No es sencillo hablar de El empleo del tiempo sin traicionar la elaborada construcción del film. No es que Cantet especule con inesperados giros de la trama o juegue con el suspenso, sino que va revelando la condición de su protagonista paulatinamente, de la misma manera en que lo presenta en la primera toma de la película, cuando se ve a un hombre durmiendo en el interior de un automóvil y, a medida que se despierta, el vapor acumulado sobre los vidrios durante la noche se disuelve y va dejando entrever la gris realidad exterior. Ese hombre recluido en sí mismo es Vincent (Aurélien Recoing, magnífico), un empleado jerárquico de una firma financiera, que acaba de perder su puesto. Su familia, sin embargo, no lo sabe. El prefiere vivir en la simulación y la mentira, haciéndoles creer –a su mujer, a sus hijos, a sus padres– que está constantemente en viaje de negocios. Esta decisión obedece sin duda a un sentimiento de vergüenza, de humillación, de fracaso, pero también, por qué no, de libertad. Lejos de las demandas laborales y familiares, Vincent de pronto disfruta –como un chico que falta al colegio– de esa insólita sensación de amplitud del mundo, de la posibilidad vagar sin rumbo, al margen de horarios y exigencias. El problema es que esa mentira no se puede mantener por siempre.
El empleo del tiempo transmite un malestar, una angustia, un extrañamiento que se podría asociar, en el campo de la literatura, con el universo de Patricia Highsmith. Vincent sueña con cambiar su vida, pero no sabe ni quién es, ni quién quiere ser. Todo lo que le dice a su esposa (laadmirable Karin Viard) de su situación laboral es una falacia, pero responde a la más cruel verdad. Cuando llega a su casa, luego de una semana de ausencia, le habla del “ahogo” que le provoca su rutina de trabajo. Cuando parece sucumbir al estrés de un nuevo, ilusorio puesto en las Naciones Unidas, le confiesa que tiene “miedo de decepcionar, de no estar a la altura”. Y se sincera: “Ya no puedo pensar, mi mente está vacía”.
De la misma manera en que traspone la frontera suiza, Vincent atraviesa la frontera de la ley y la mentira, hacia una zona de donde le es cada vez más difícil volver.
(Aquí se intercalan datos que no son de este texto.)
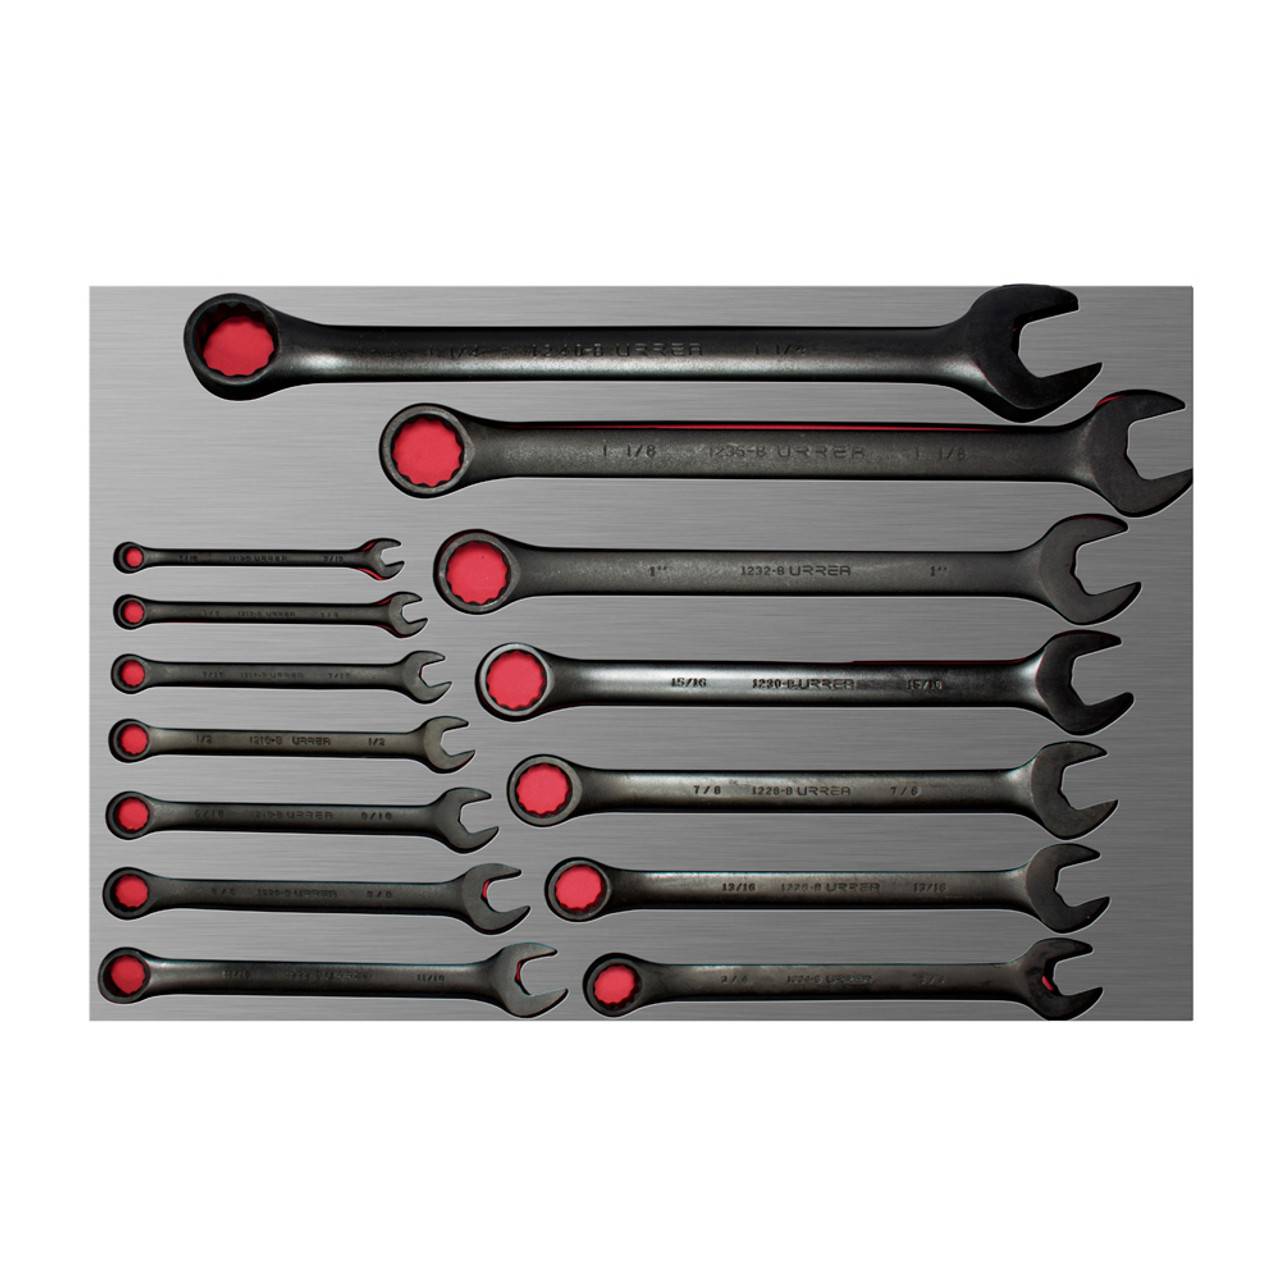 URREA 14 pc COMBINATION WRENCH SETS WITH LAMINATED PLASTIC COVER #CH305L

Su alienación, a su vez, es progresiva y Cantet la expone de la manera más delicada, más sutil, sin cargar jamás las tintas. Vincent comienza a ver el mundo como si fuera una enorme vidriera. Allí están esas legiones de empleados, en sus oficinas impecables, cumpliendo con su deber, a la vista de todos, detrás de sus ventanales iluminados por el neón. Allí están esas familias –la de un amigo, la de unos camioneros en la ruta, la suya propia–, cada una en su lugar y aparentemente felices. Y Vincent siempre está del lado de afuera, idealizando una realidad que es incapaz de enfrentar. Una realidad regida por el dinero, por la obligación del ascenso social, por los imperativos del consumo, por una violencia encauzada, como revelan las clases de artes marciales a las que asiste el hijo mayor de Vincent, que ya se está entrenando para competir en el mundo adulto.
Una vez que alguien decide salirse de ese mundo, como Vincent, se topará con sus cancerberos (porteros, conserjes, agentes de seguridad), que custodian celosa, servilmente las puertas de ingreso al bienestar. Lo que sugiere magistralmente el film de Cantet es que –por lo menos para Vincent– volver al redil no es precisamente una solución, sino el camino más corto hacia la tumba. Una tumba que se hace cada vez más profunda cuando escucha –como los golpes de una pala al golpear la tierra– las palabras “ambición”, “carrera”, “responsabilidad”.